The Reference Model identifies some high-level activities which are judged important to the data management related to automated translation, and which should therefore be subject to data interoperability recommendations. This set of activities are not intended to be fully comprehensive, as many variations of these process chains will potentially use automated translation, however they are sufficient to highlighting the main interoperability issues to be addressed.


Error creating thumbnail: Unable to save thumbnail to destination

Interoperability Requirement Recommendations

These requirement recommendations focus on the data management lifecycles identified in the reference model. They should be complemented by additional inoperability recommendation on the services required to implement these activities.

tbd: structure of requirements.

Requirement are marked as mandatory (M) or optional (O).
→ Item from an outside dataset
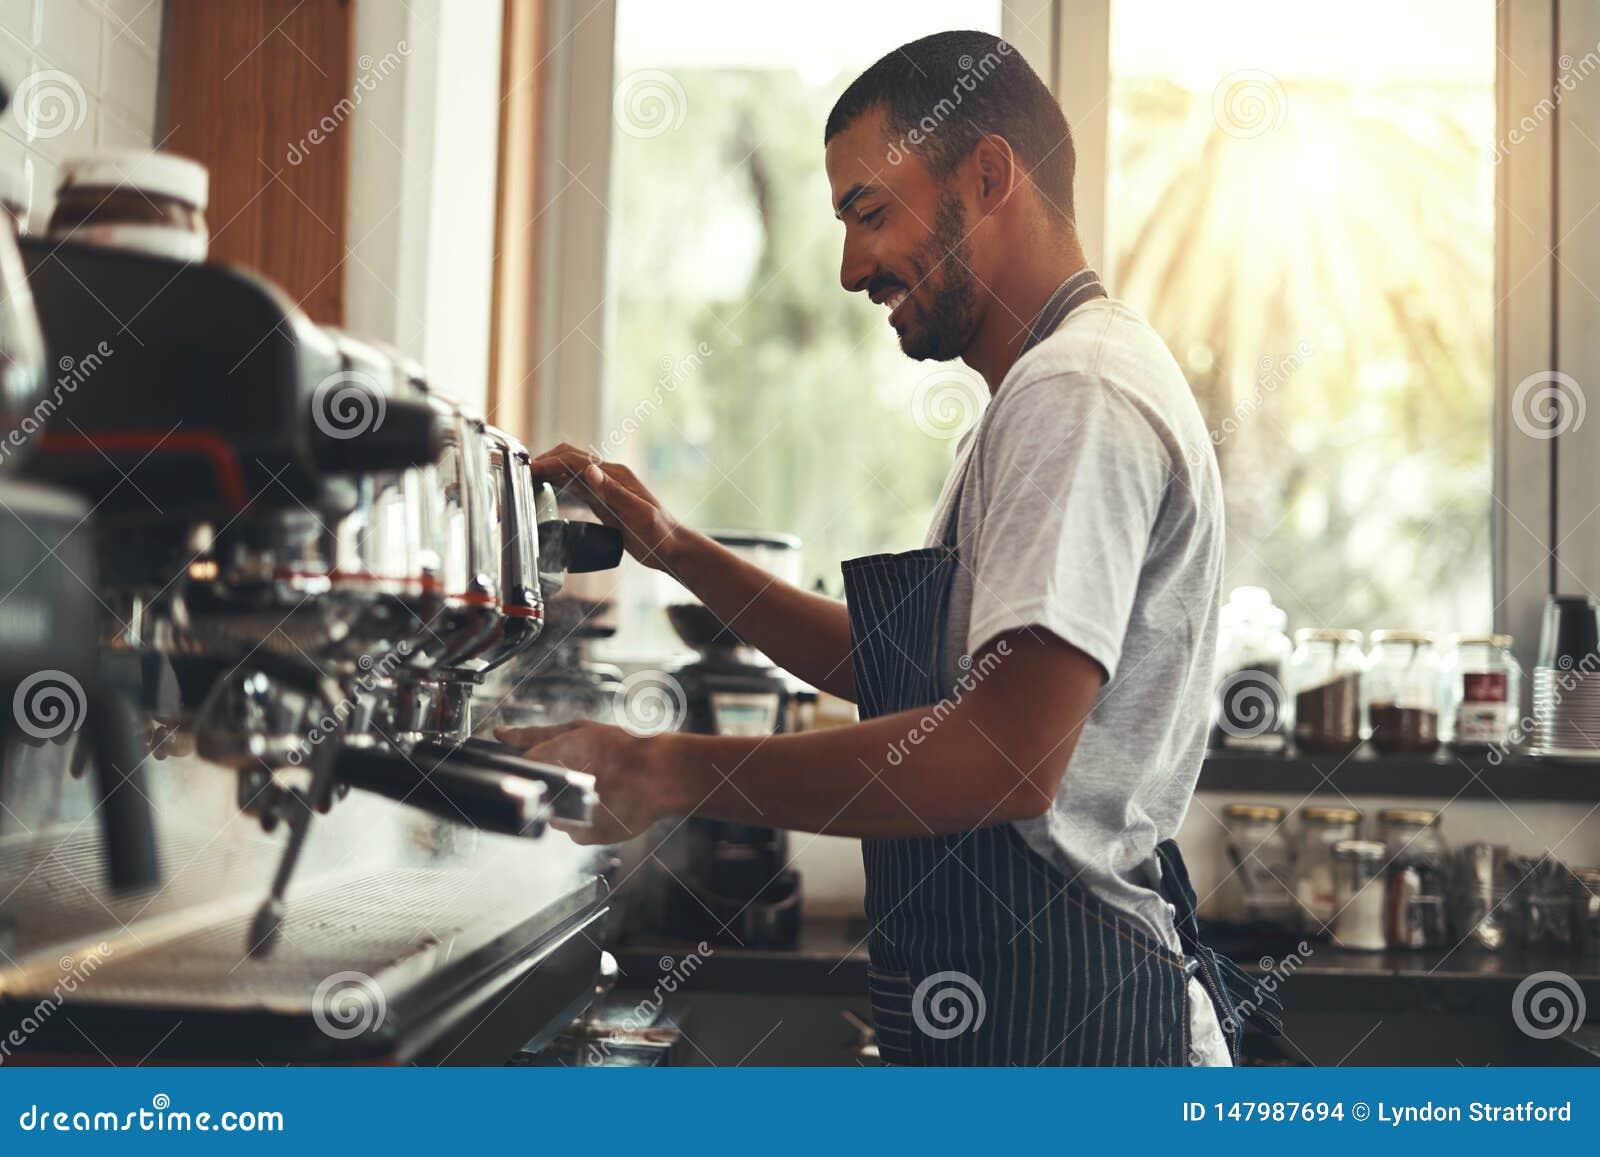 Barista maakt cappuccino in koffie

General Data Management Requirements

  1. (M) Public automated translation services should use open standards for representing content, metadata and annotations. “Open” means that the standards are available on a royality-free basis, to maximize re-use and adoption.
  2. (M) All data used and content processed by public automated translation services should be annotated with license information in a machine readable format.
  3. Where licensing terms permit, content and data should be published on the web and dereferencable via a unique URI.
  4. (O) To enable content and data to be used as a resource in the generation of automated translation engines they should be:
    • Annotated with common machine readable meta-data to allow them to be automatically indexed and discovered. This meta-data should conform to a profile of the DCAT meta-data.
    • Provided with a persistent URL.
  5. (M) It should be possible for third parties (general public, individual experts and language service providers alike, as well as automated language services) to submit error, QA or corrective annotations to published data, provided it is presented in a common format, with metadata conformant to one of the commonly accepted and documented universal error typologies, and/or appropriate quality metrics.
  6. (O) The status of submitted error, QA or corrective annotation, as it is considered for integration by the curator of the data set, should be made available with reference to the original submissions and in a common format.
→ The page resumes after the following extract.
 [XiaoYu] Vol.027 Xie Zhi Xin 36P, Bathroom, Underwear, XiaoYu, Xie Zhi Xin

Bitext Data Management Requirements

  1. (O) If content that is translated with assistance of public automated translation services is published on the web together with the source content, then the corresponding bitext aligned at a segment level should also be published. A different license to the source and target language documents may be used.
  2. (O) Bitext data may be discovered via a web-based API that can return specific segment bitext data selected via query parameters. Parameters may include:
    • Source and target languages.
    • Presence of terms or phrases.
    • Translation provenance meta-data including: identification of the automated translation component used and its operational parameters; characteristics of post-editors; characteristics of the postedits (edit type, edit distance, time to postedit); characteristics of the QA (quality assurance) method applied (parameters an d assessment guidelines); QA annotations; and annotation links to specific lexical-conceptual resources.
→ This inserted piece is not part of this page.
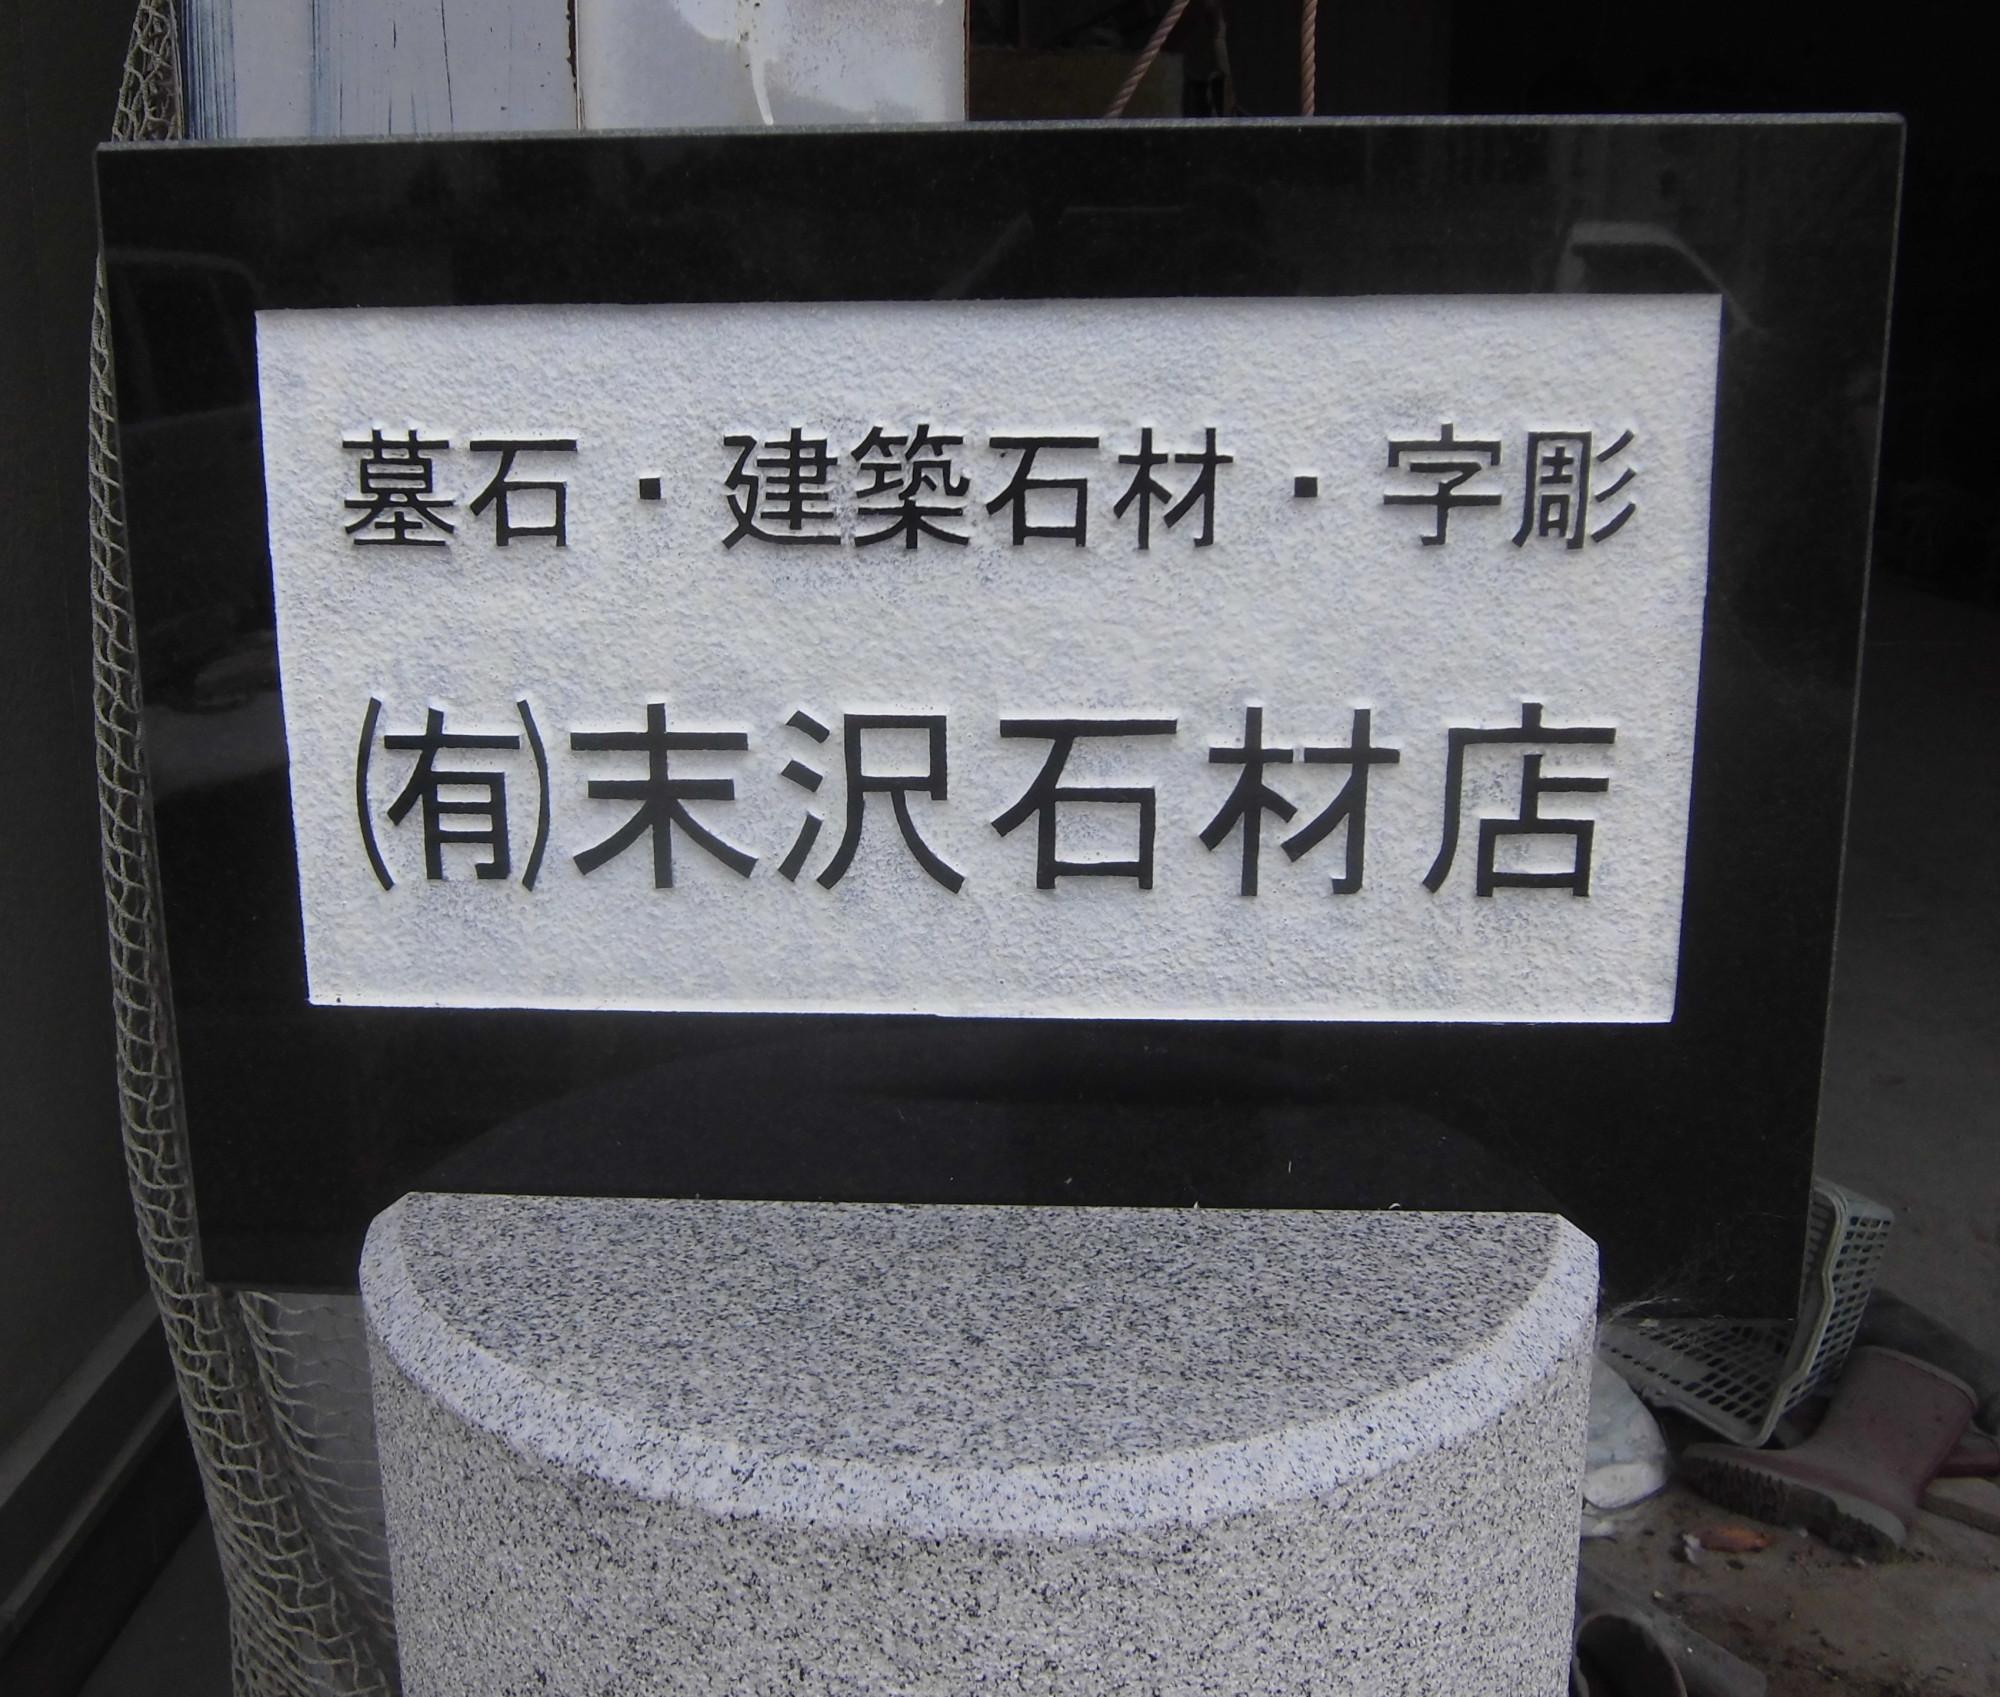 (有)末沢石材店 ホームページへようこそ! TEL (0877) 47-3831

Lexical-Conceptual Data Management Requirements

  1. (O) If content is translated with assistance of the public automated translation in combination with lexical-conceptual data and is published on the web together with the source content, then the source and/or target content should also be available in a form that annotates the relevant terms or multi-word units with the lexical-conceptual concepts used.
  2. (O) Lexical-conceptual data may be discovered via a web-based API that can return lexical and conceptual data selected via query parameters. Parameters may include:
    • Terms or multi-word units in source or target languages.
    • Contextual information for the terms or multi-word units
    • Conceptual restrictions upon which to filter results
    • Lexical restrictions upon which to filter results
    • Provenance meta-data of the lexical-conceptual data sought, including: source of the data; process by which the data was created; current status of data still under curation.